Just ask Eric Worley and Haley Watson, who each competed at the Eastern Surfing Association Eastern Surfing Championships this week at Jennette’s Pier, in Nags Head, N.C.

The competition, commonly known as the Easterns, features the best surfers from all over the United States' east coast, including the entire Eastern Seaboard, as well as Alabama.

Worley, 32, won the master’s division — male surfers ages 25 to 34.

Watson, 20, defended her title from last year, and is now a two-time Easterns champion for the women’s division — female surfers 18 to 29.

To qualify for Easterns, surfers must win their district and then regional competitions before advancing. Worley was able to win both, but Watson had a free pass to this year’s competition since she won last year.

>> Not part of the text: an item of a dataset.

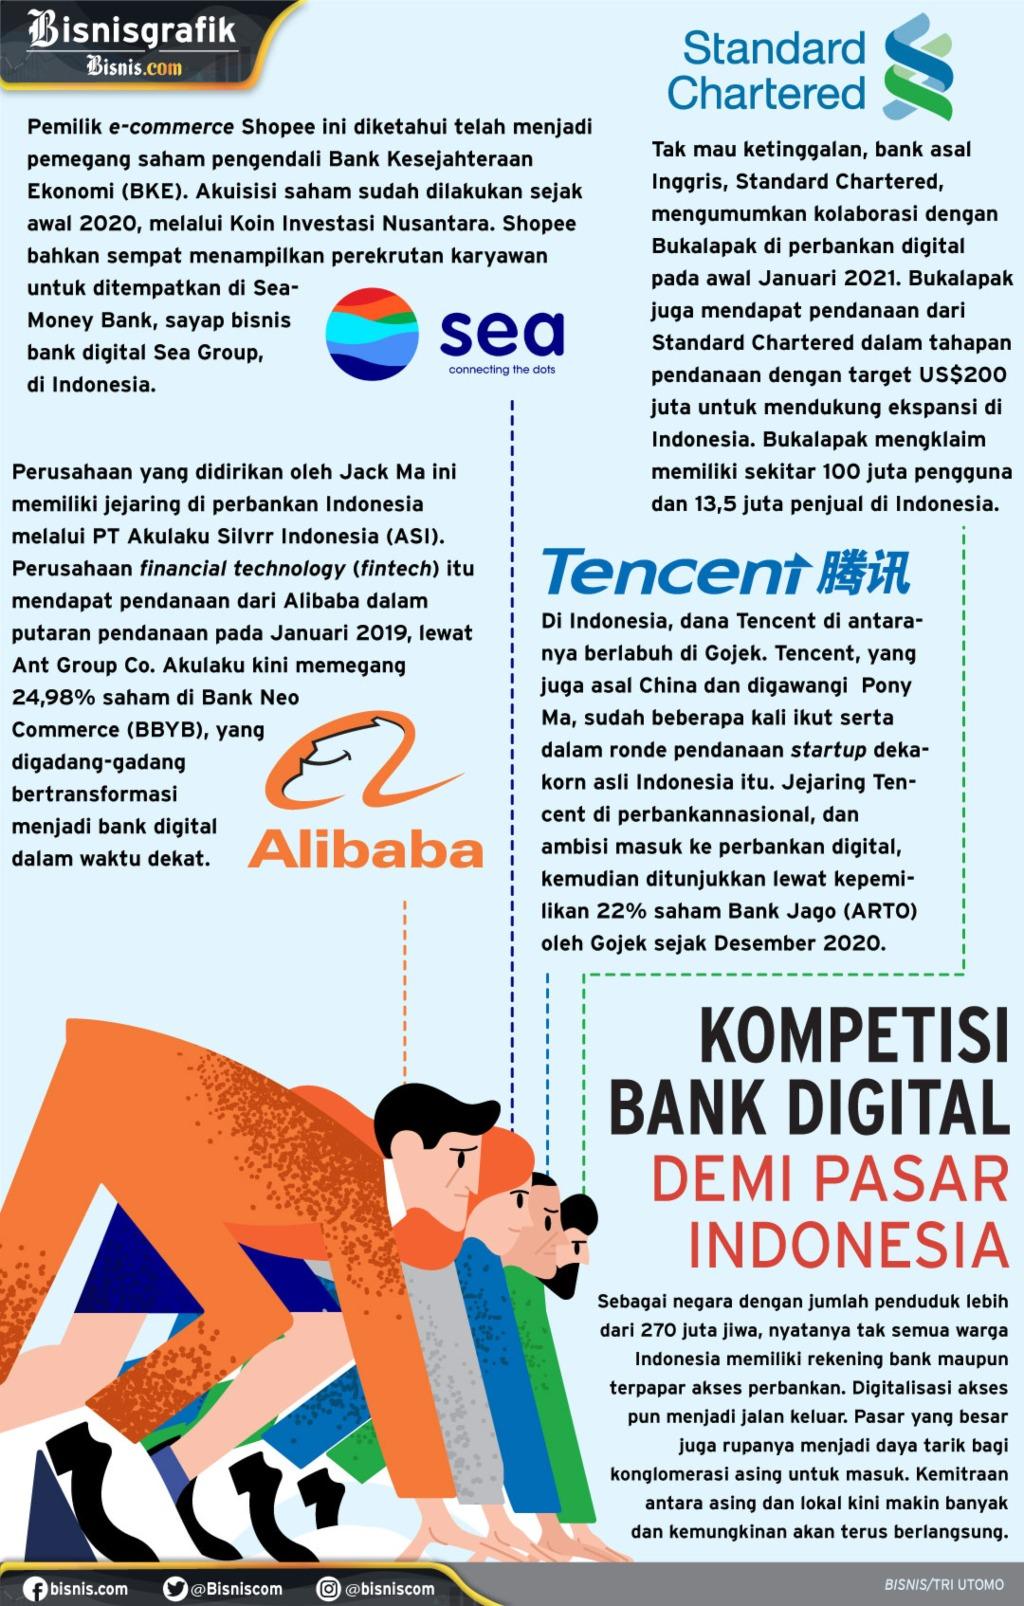 Bangun Kongsi Demi Mencicipi Kue Perbankan Digital di ...

ESA is the largest amateur surfing association in the world, with a current membership of more than 7,000 surfers. ESA's activities are organized into a total of 26 districts, which extend along nearly 2,000 miles of coastline, from Main through the Gulf Coast of Florida, Alabama and the Great Lakes.

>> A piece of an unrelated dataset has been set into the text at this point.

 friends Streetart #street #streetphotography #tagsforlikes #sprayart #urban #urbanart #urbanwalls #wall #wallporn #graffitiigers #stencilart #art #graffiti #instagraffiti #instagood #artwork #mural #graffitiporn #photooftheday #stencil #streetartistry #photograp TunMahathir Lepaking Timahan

It also reaches across to the Atlantic, to the Caribbean..

Worley and Watson both live in Flagler Beach. And although both surf practically every day, there is a lot more to the sport than people may think, Watson said.

Watson has been surfing since she was about 13 years old. Two years after starting, she competed in her first Easterns.

“I grew up in Flagler County, and I’ve lived in the same house my entire life. Most of my life is spent at the beach,” she said.

But surfing also has a lot to do with luck.

“Sometimes the waves just come to you and sometimes you won’t get that many waves,” she said. “That’s where practice and experience comes in. If you practice ever yday, you have enough knowledge of how to get in position for the best waves and how to look out on the horizon (to see what waves are developing).”

Worley, who also made it to the quarterfinals of the men’s open division, said this has been a successful surfing year for him.

“This year has been the pinnacle so far,” Worley said Wednesday. “Of my surfing career, this is probably my biggest win.”

Worley moved to Flagler Beach when he was 13. Two years later, he began surfing.

He says that it’s a way for him to take a break from everyday life.

“Whatever is happening in the world, as long as you’re on that wave, nothing else matters at the moment,” Worley said.

Watson agrees.

“It's great exercise, and when you're out in the water, you're not worried about anything except having fun and catching waves,” she said. “And you get to hang out with your friends.”

Later this year, Worley and his wife, Jackie, are expecting their first child — a boy. Worley also recently started his own tile business.

But if things get stressful, he knows he still has an outlet: the sand and the water.

“I’m a competitor, and I’m going to keep surfing,” he said.